Yes, certainly as a hospital product it would still need to go to formulary committee in the hospital setting. Again, however, the molecule itself is very well known. It’s simply a more convenient approach towards administration of a product that’s already being used in over a 0.5 million oral pills for PONV. And so we’re certainly going to press very hard to get that acceptance from P&T committees as quickly as possible in terms of the launch. But it probably has the most similarities to CINVANTI in that regard as well, which certainly required formulary approval. And as you remember back when we launched that product that process went relatively smoothly. And obviously, we took a large portion of the amend market within the first two years of launch.

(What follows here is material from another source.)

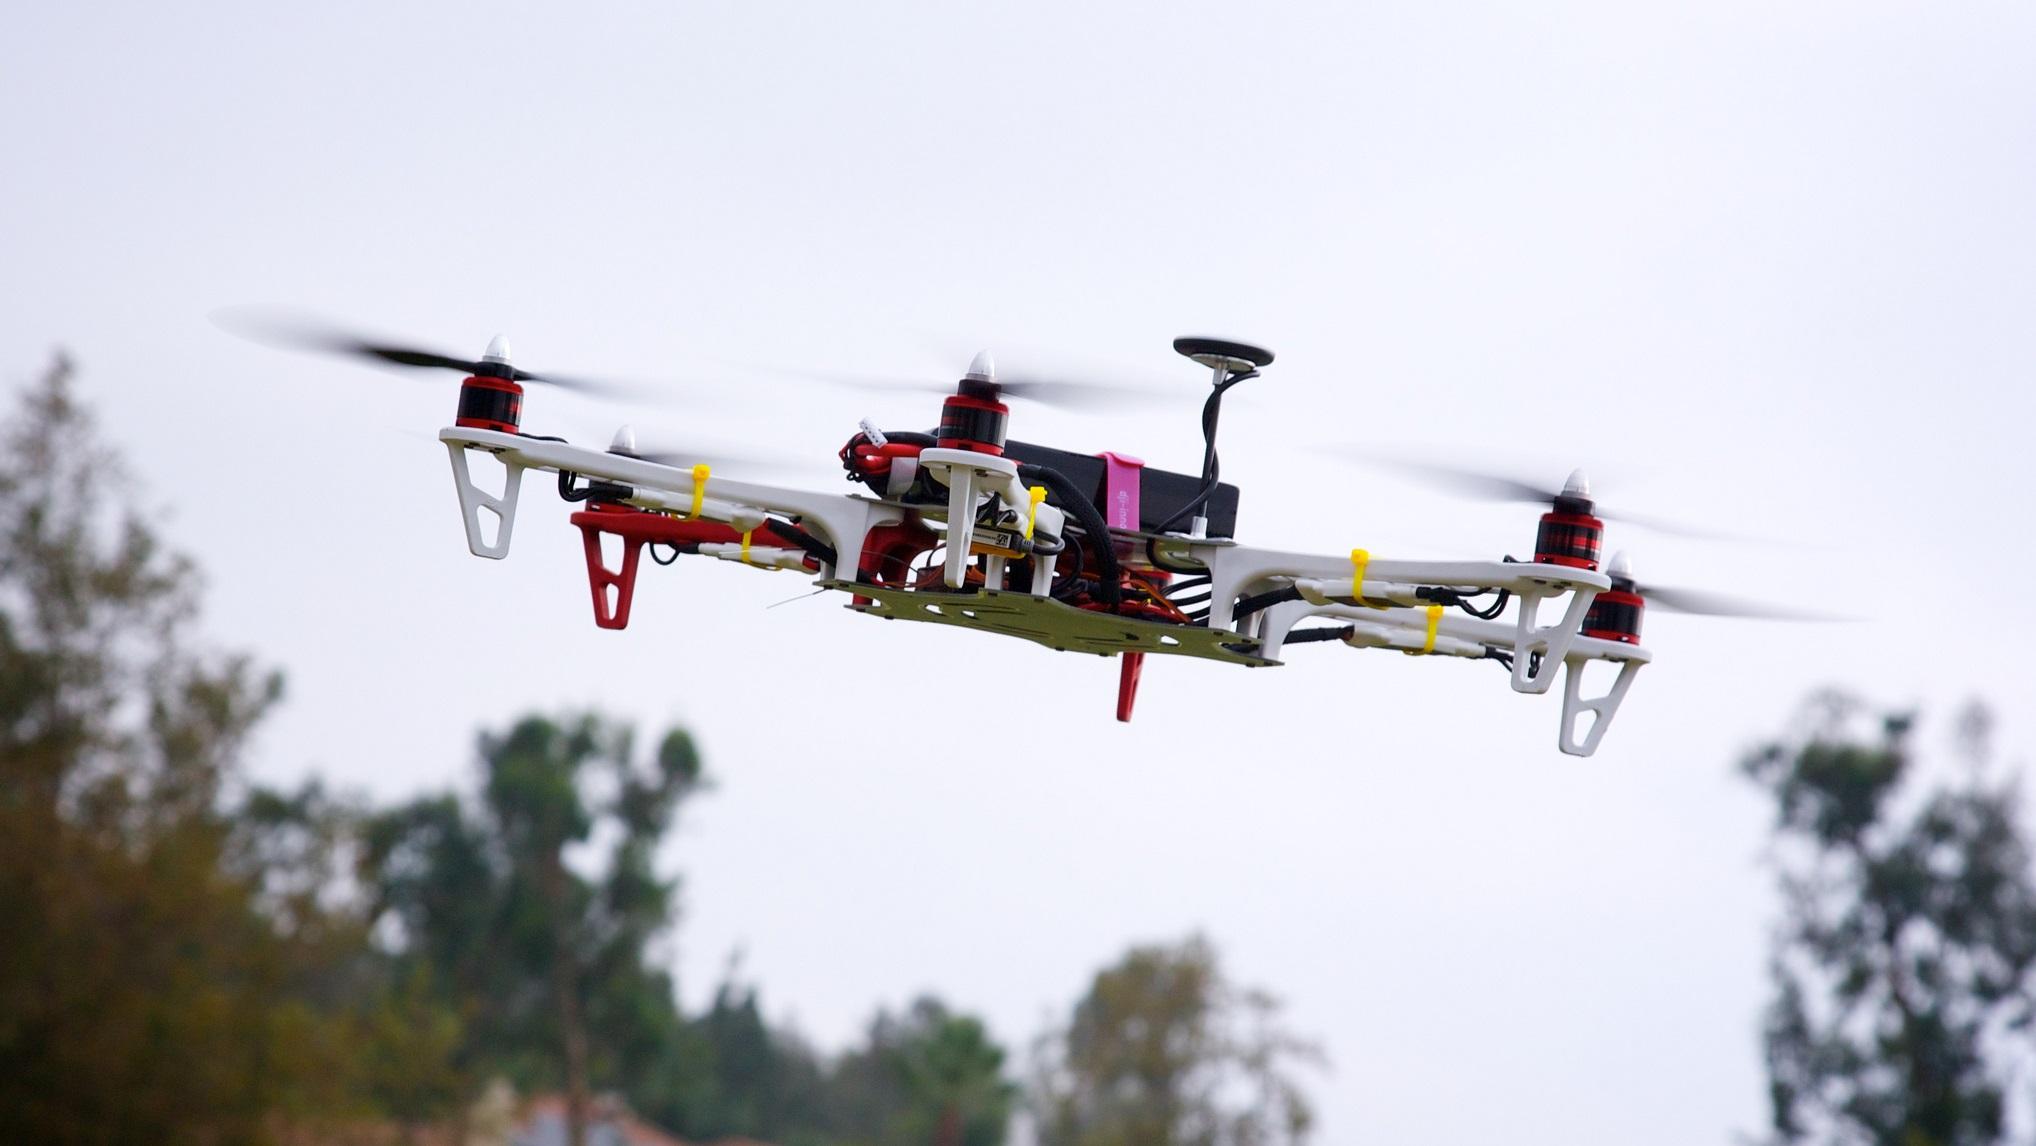 Drone desenvolvido pelo exército dos EUA atinge 70km/h e é um dos mais rápidos do mundo
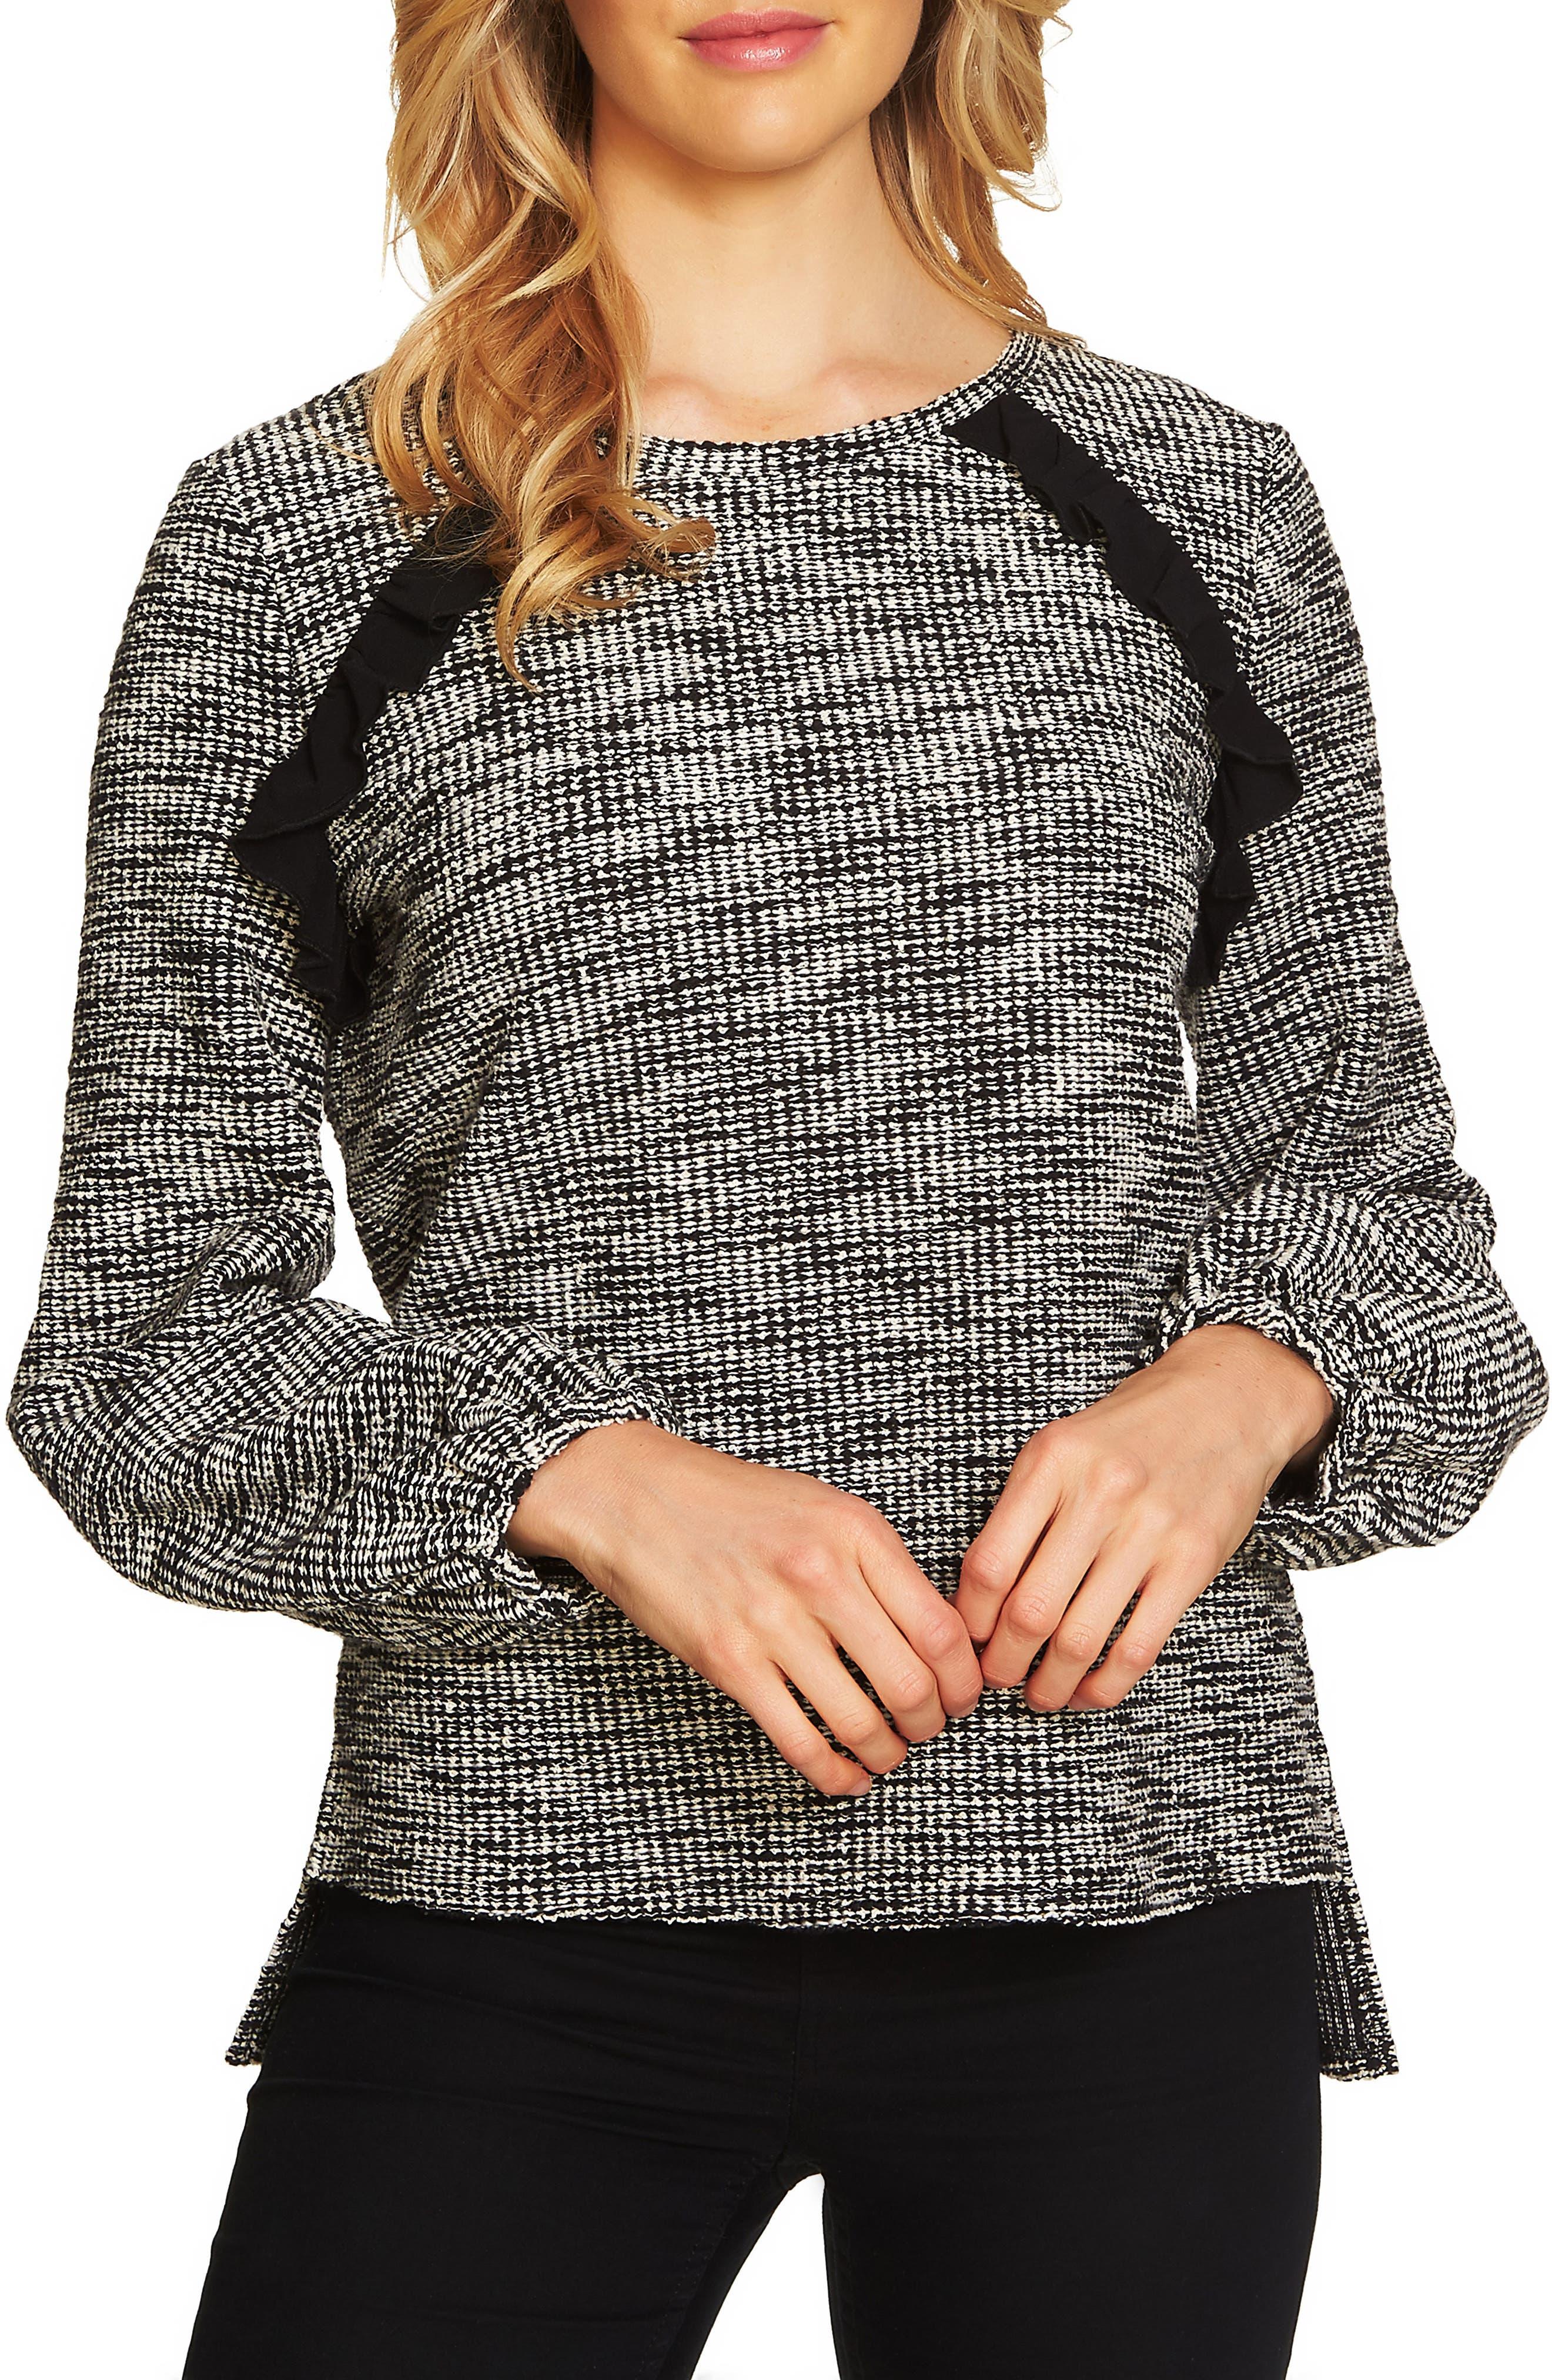 Tweedy Knit Top,                         Main,                         color, Rich Black

Thanks for taking the questions.

Yes, certainly. There are no further questions at this time. I will now turn the call back over to Barry for closing remarks.

Thank you. And thanks everyone for joining us on the call today. We’re really pleased with the progress this quarter and we look forward to keeping you updated.

Ladies and gentlemen, that concludes today’s conference call. Thank you for your participation. You may now disconnect.